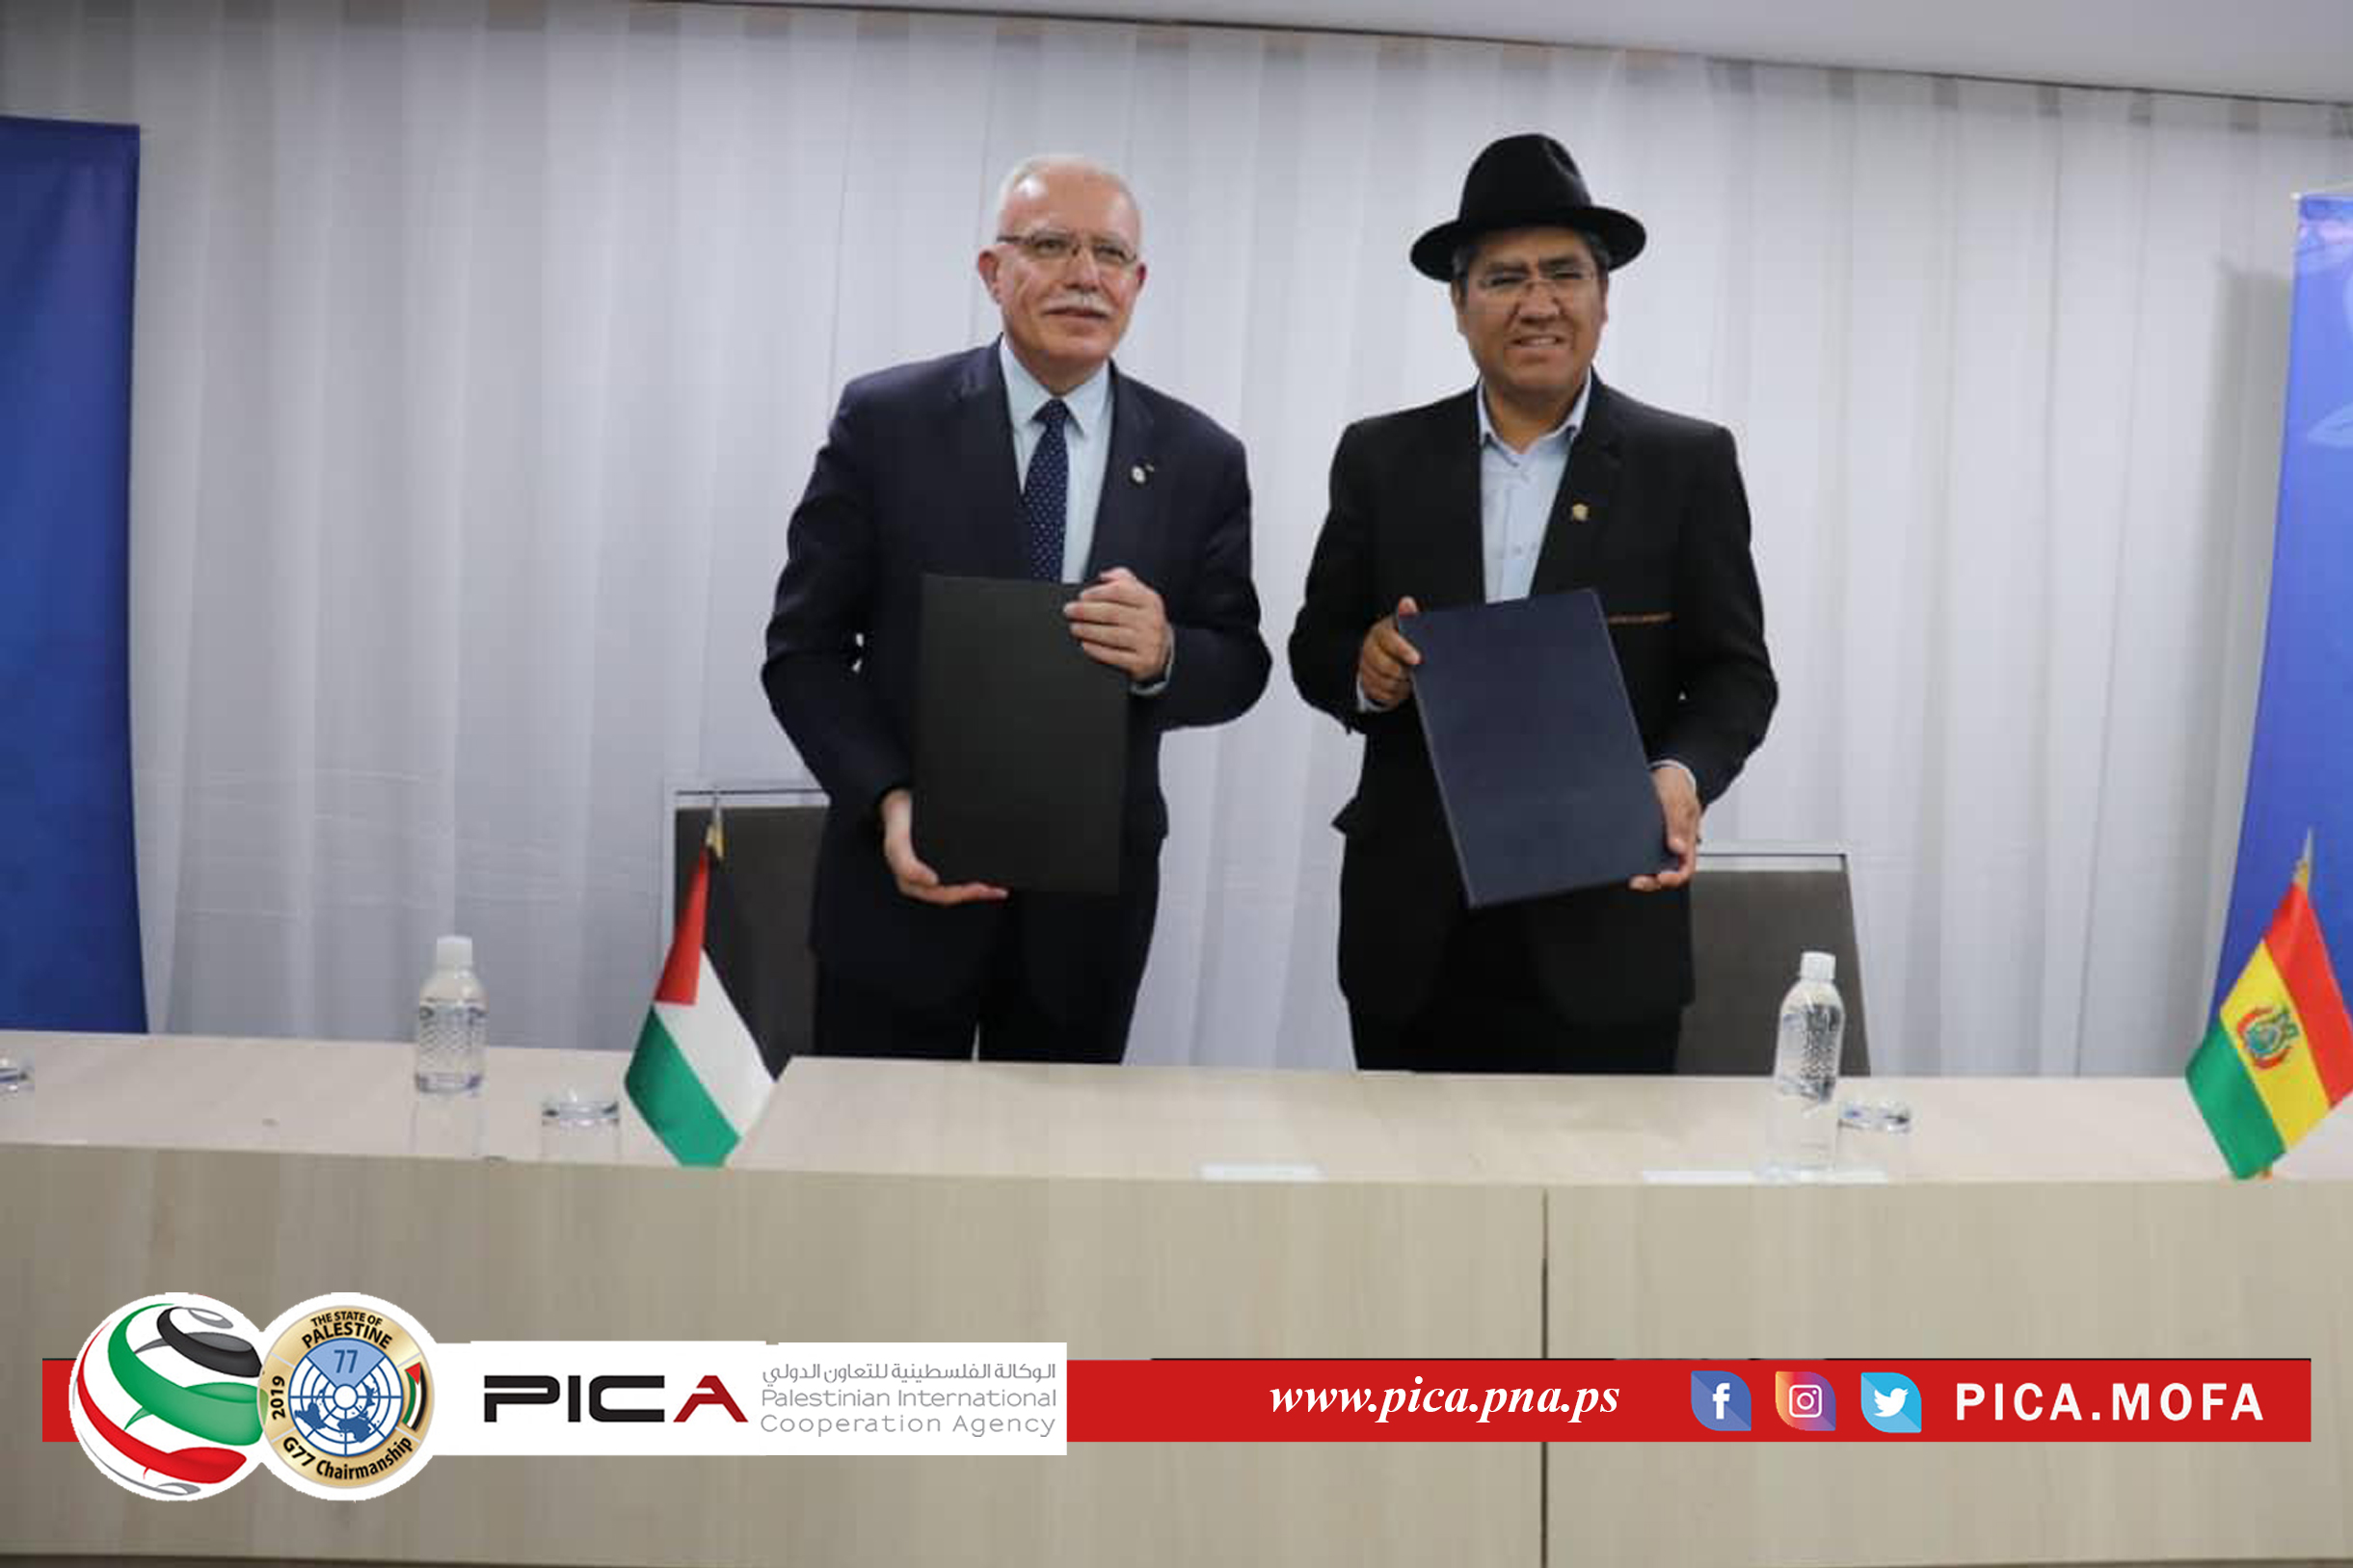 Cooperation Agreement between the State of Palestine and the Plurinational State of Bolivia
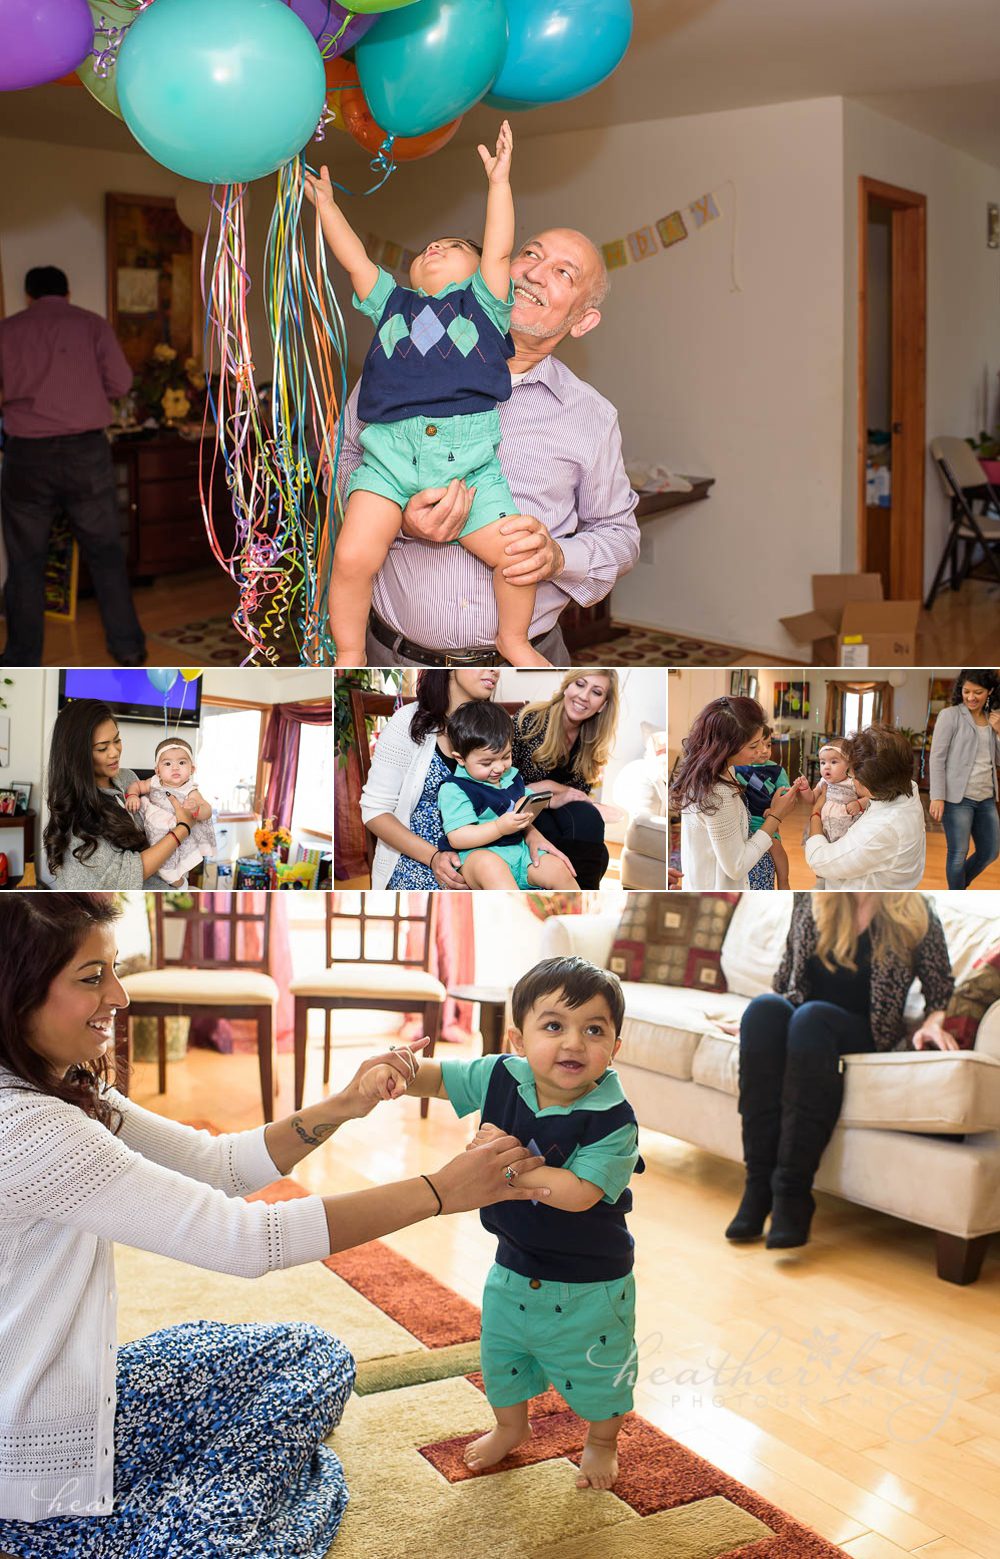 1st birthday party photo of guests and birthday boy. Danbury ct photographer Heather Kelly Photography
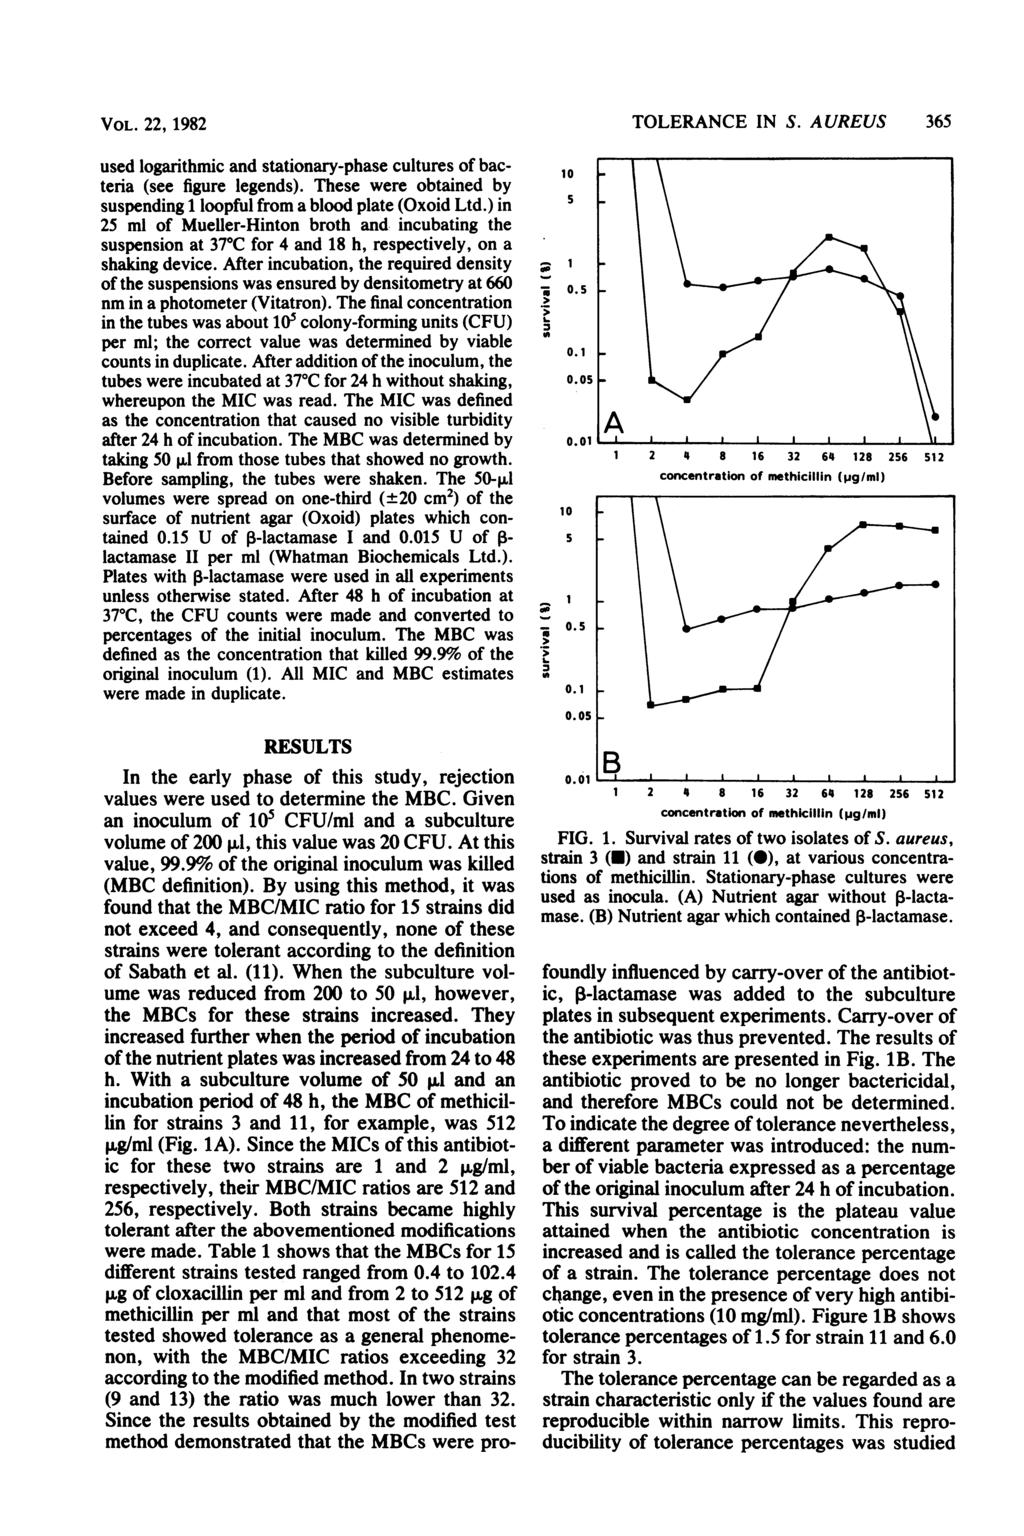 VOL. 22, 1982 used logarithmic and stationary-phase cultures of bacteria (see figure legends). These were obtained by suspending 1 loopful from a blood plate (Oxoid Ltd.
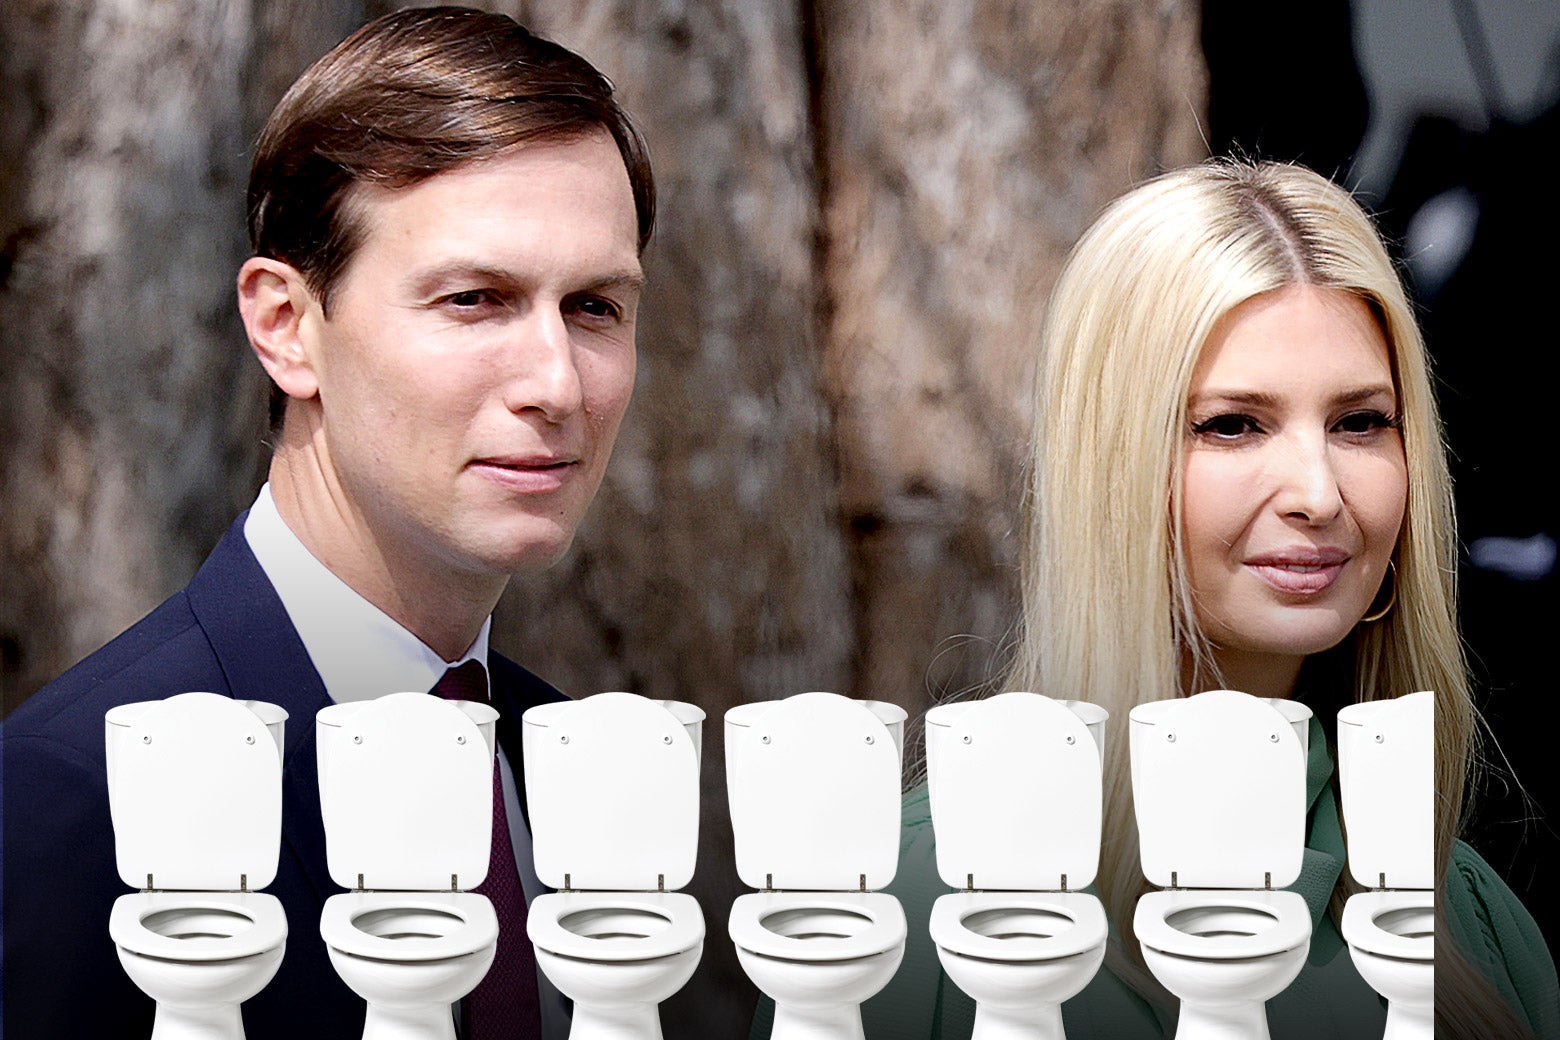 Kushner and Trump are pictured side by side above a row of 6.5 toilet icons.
==================================================
• [Exercise description]:
Only the lines from the one containing "1st birthday party" through the end of the listing should be output, word for word and inclusive; keep pictures out.

• [Answer box]:
 1st birthday party photo of guests and birthday boy. Danbury ct photographer Heather Kelly Photography
 VOL. 22, 1982 used logarithmic and stationary-phase cultures of bacteria (see figure legends). These were obtained by suspending 1 loopful from a blood plate (Oxoid Ltd.
 Kushner and Trump are pictured side by side above a row of 6.5 toilet icons.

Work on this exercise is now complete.